_WHAT IS NEEDED:_ Retype, exactly and completely, the listing that comes next, skipping its images.

_RECORDED INFORMATION:_
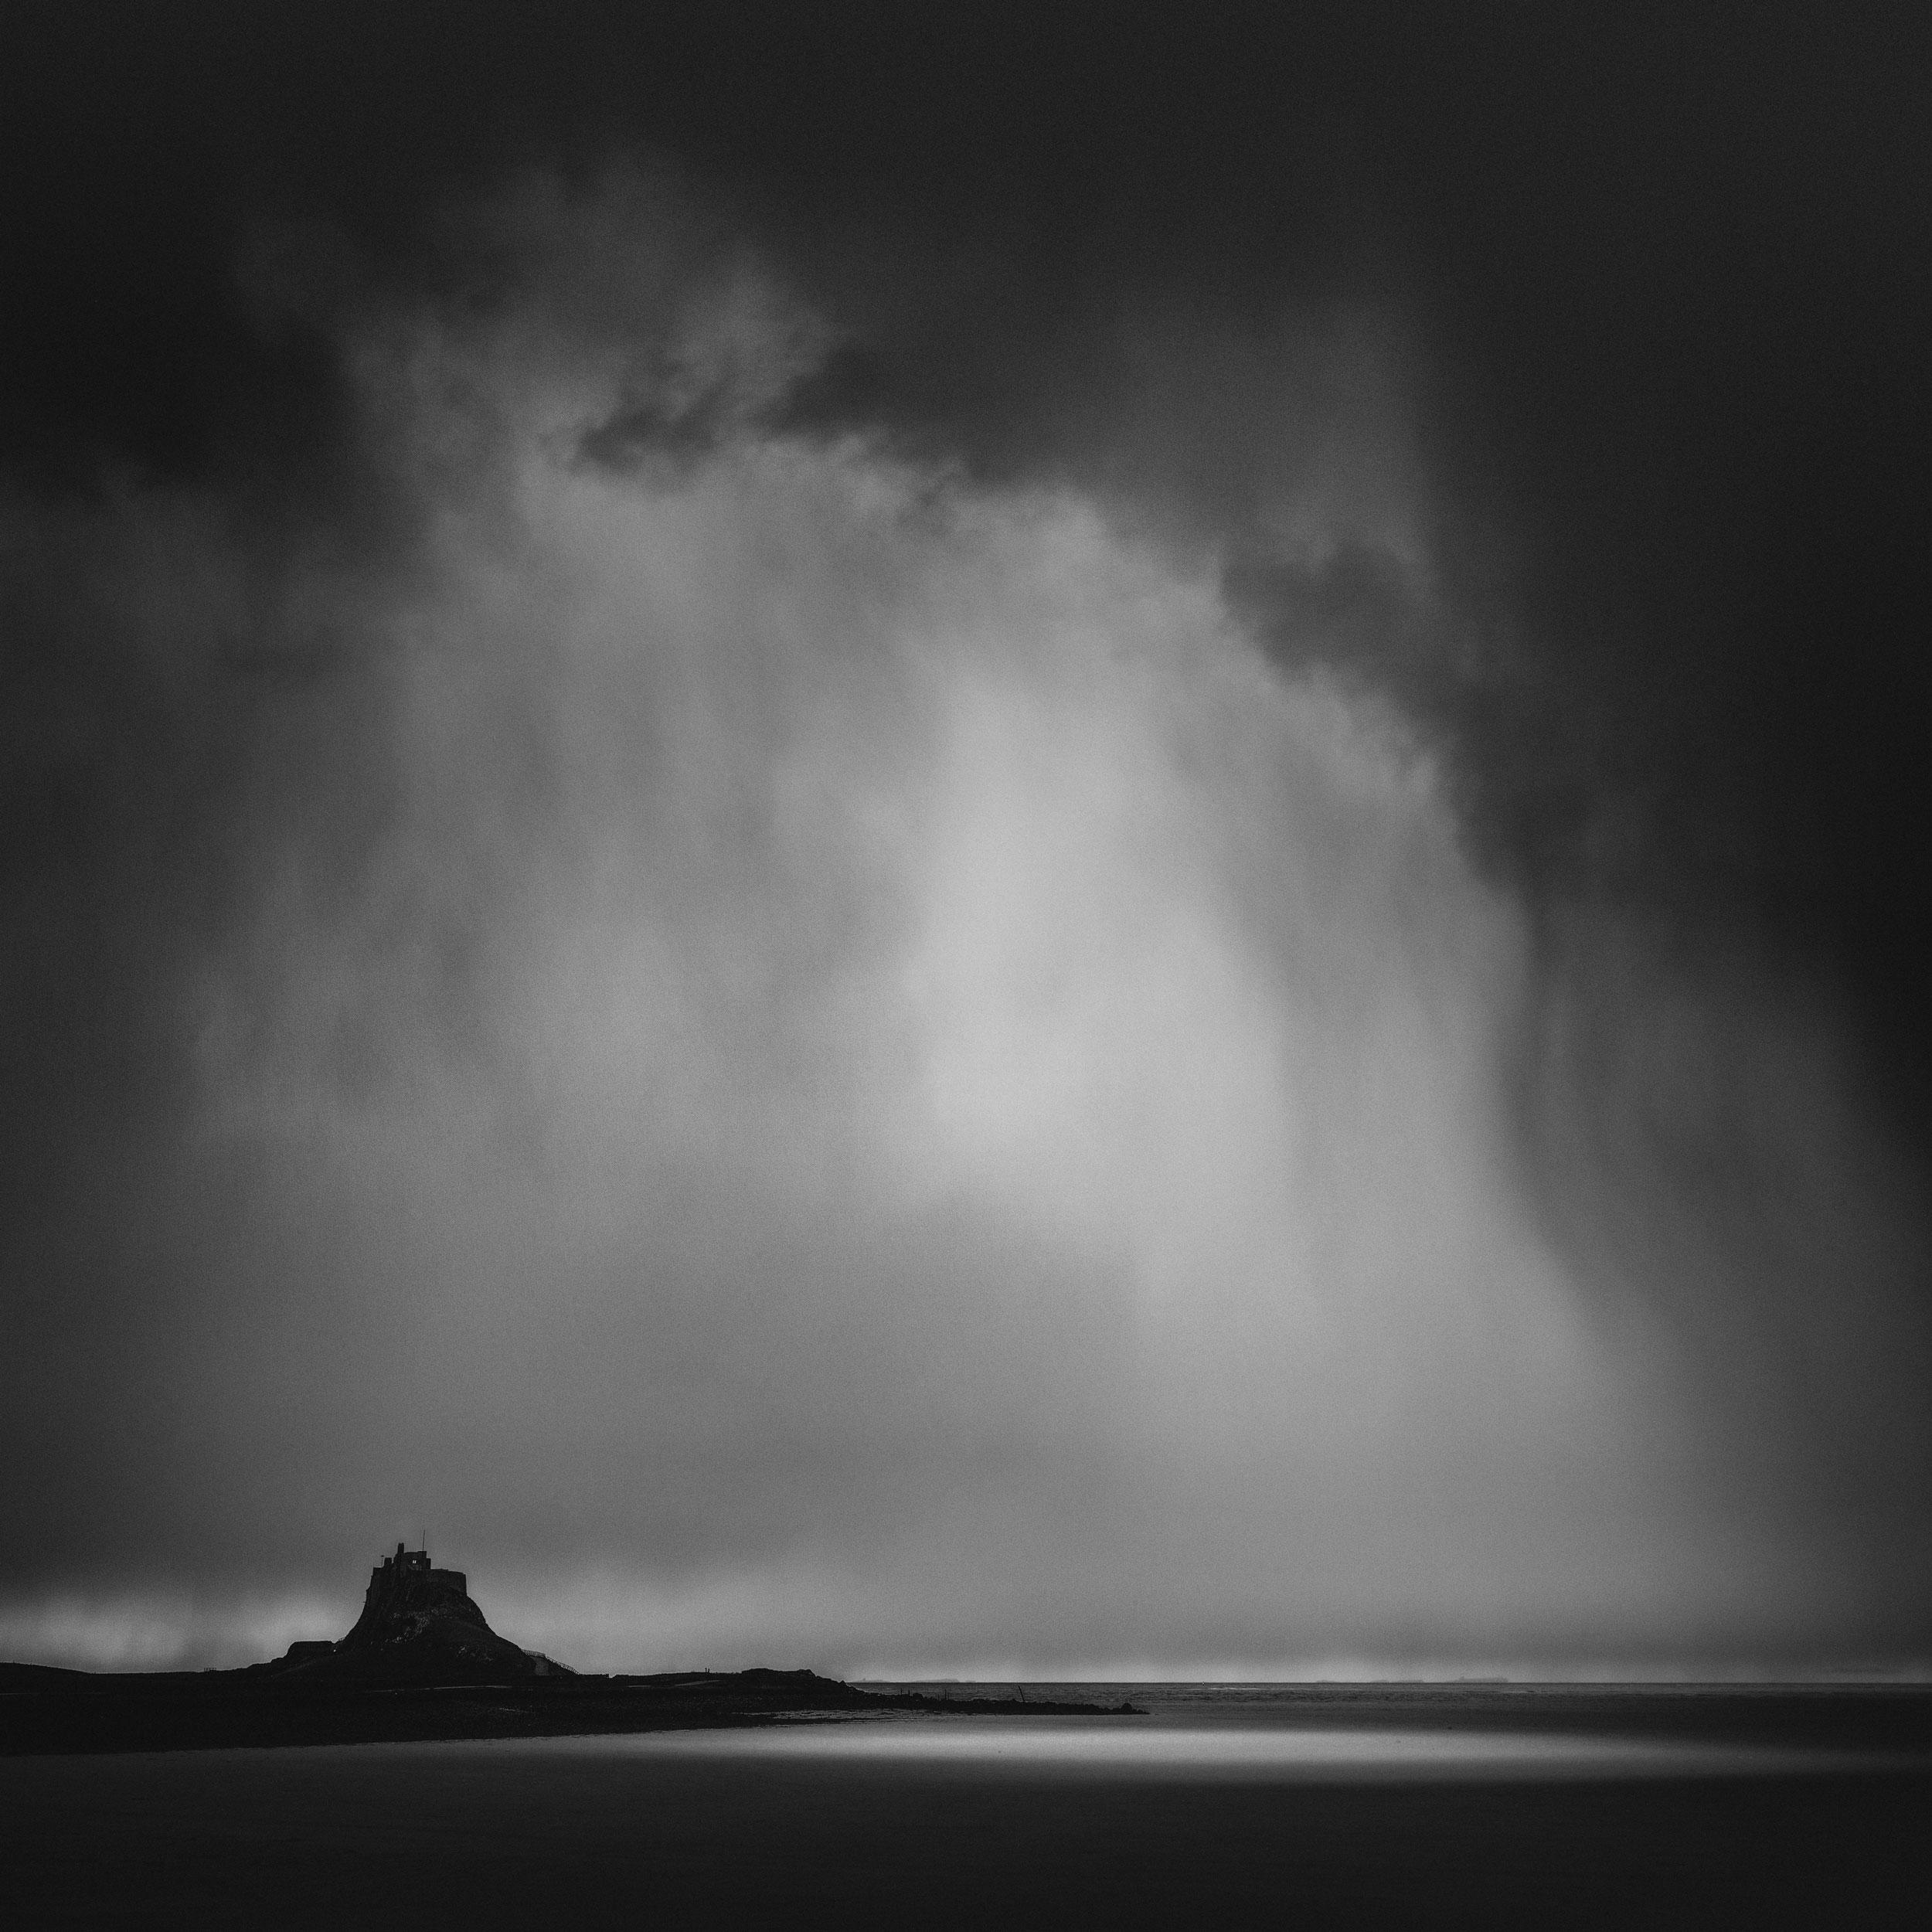 190201-Holy-Island-Lindisfarne-resized-2500.jpg
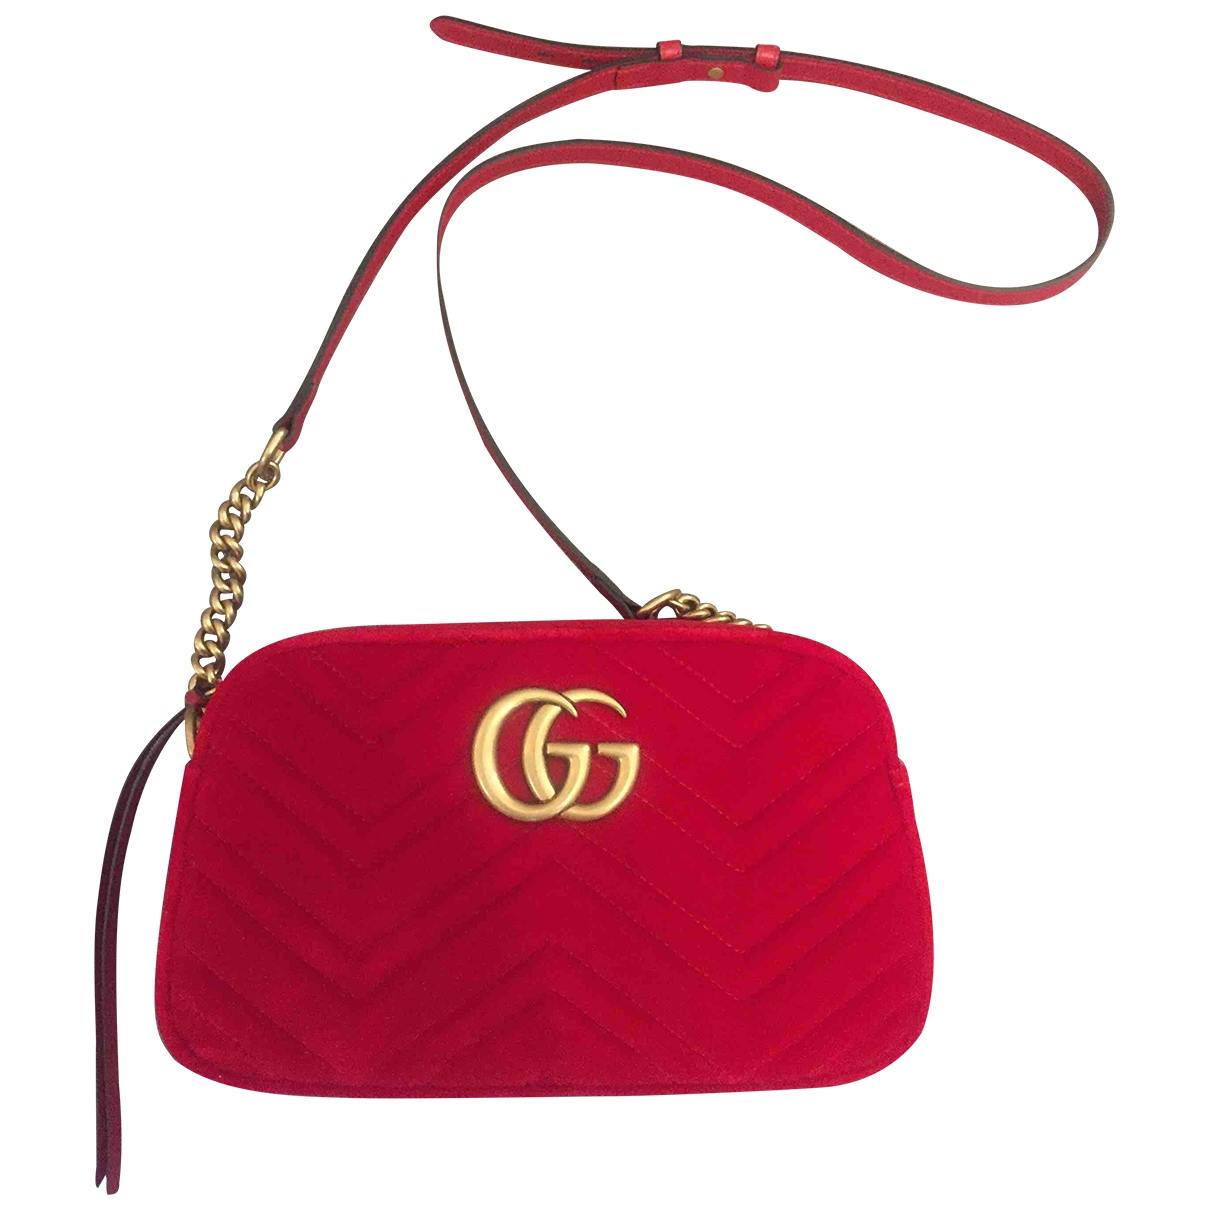 Gucci Marmont Handtasche in  Rot Samt
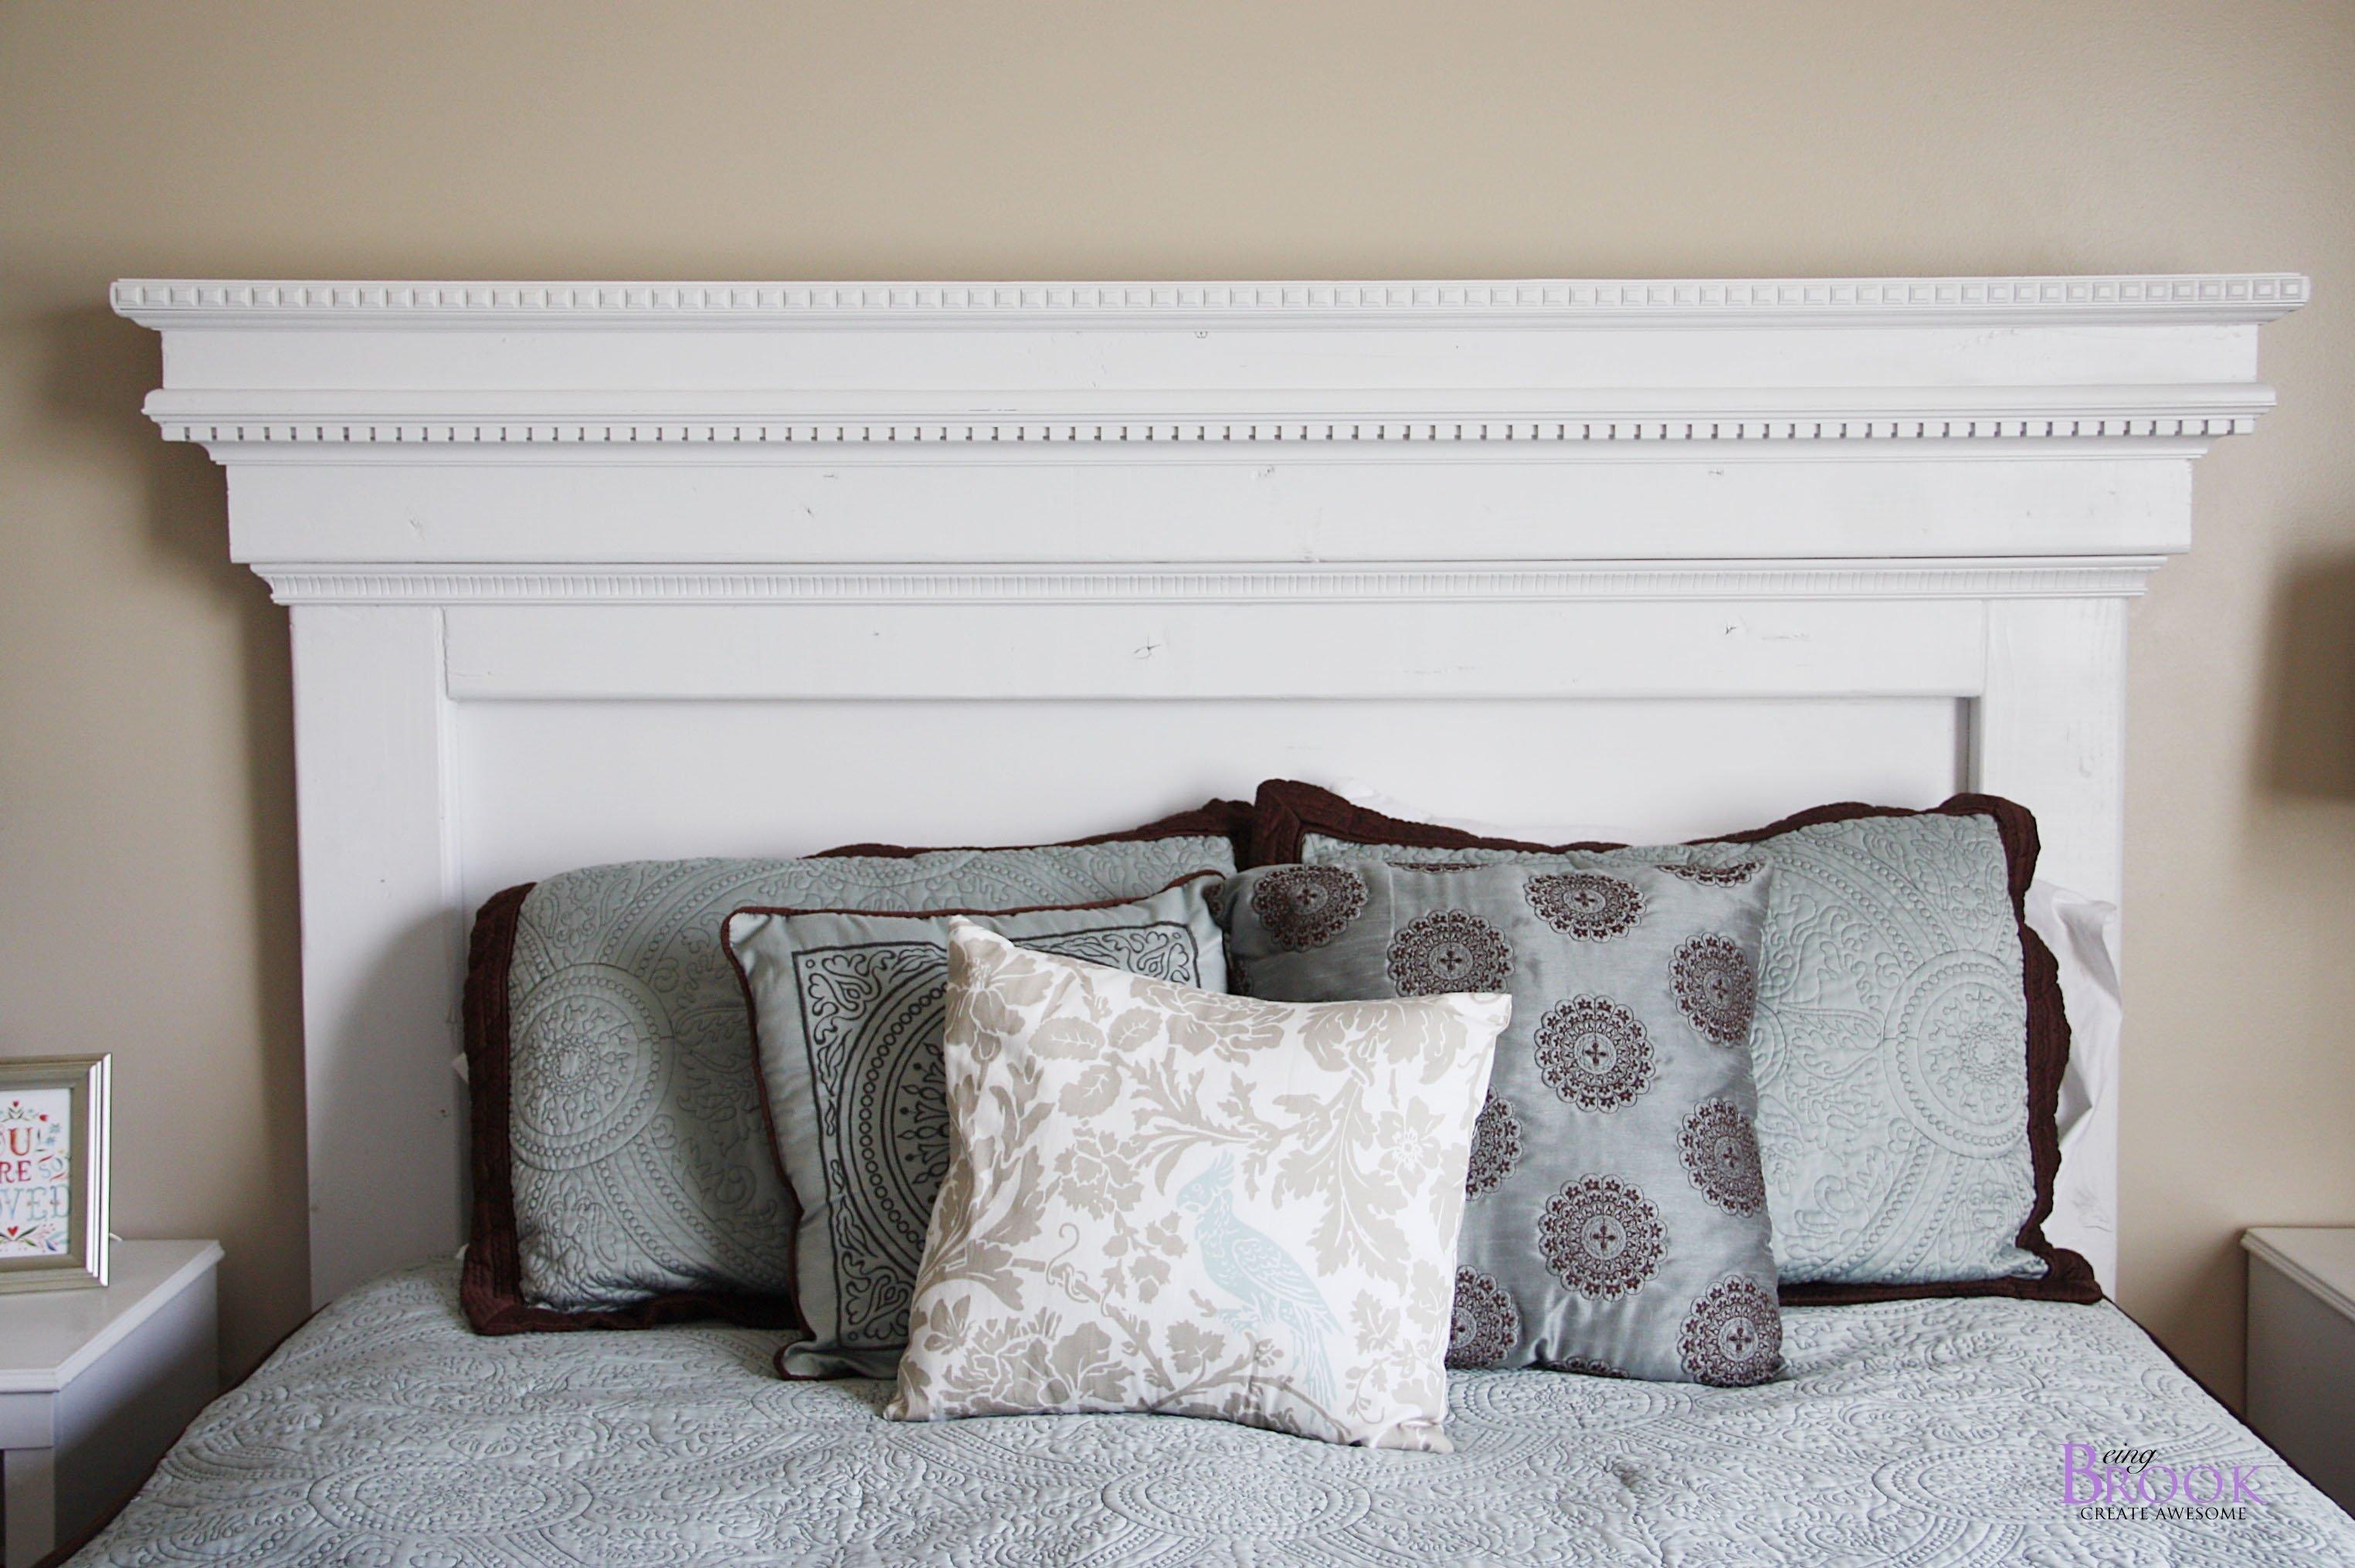 10 Fantastic Diy Headboard Ideas For Queen Beds fresh diy headboard ideas for twin beds 4654 2020

_RESULT OF THE EXERCISE:_
 190201-Holy-Island-Lindisfarne-resized-2500.jpg
 Gucci Marmont Handtasche in  Rot Samt
 10 Fantastic Diy Headboard Ideas For Queen Beds fresh diy headboard ideas for twin beds 4654 2020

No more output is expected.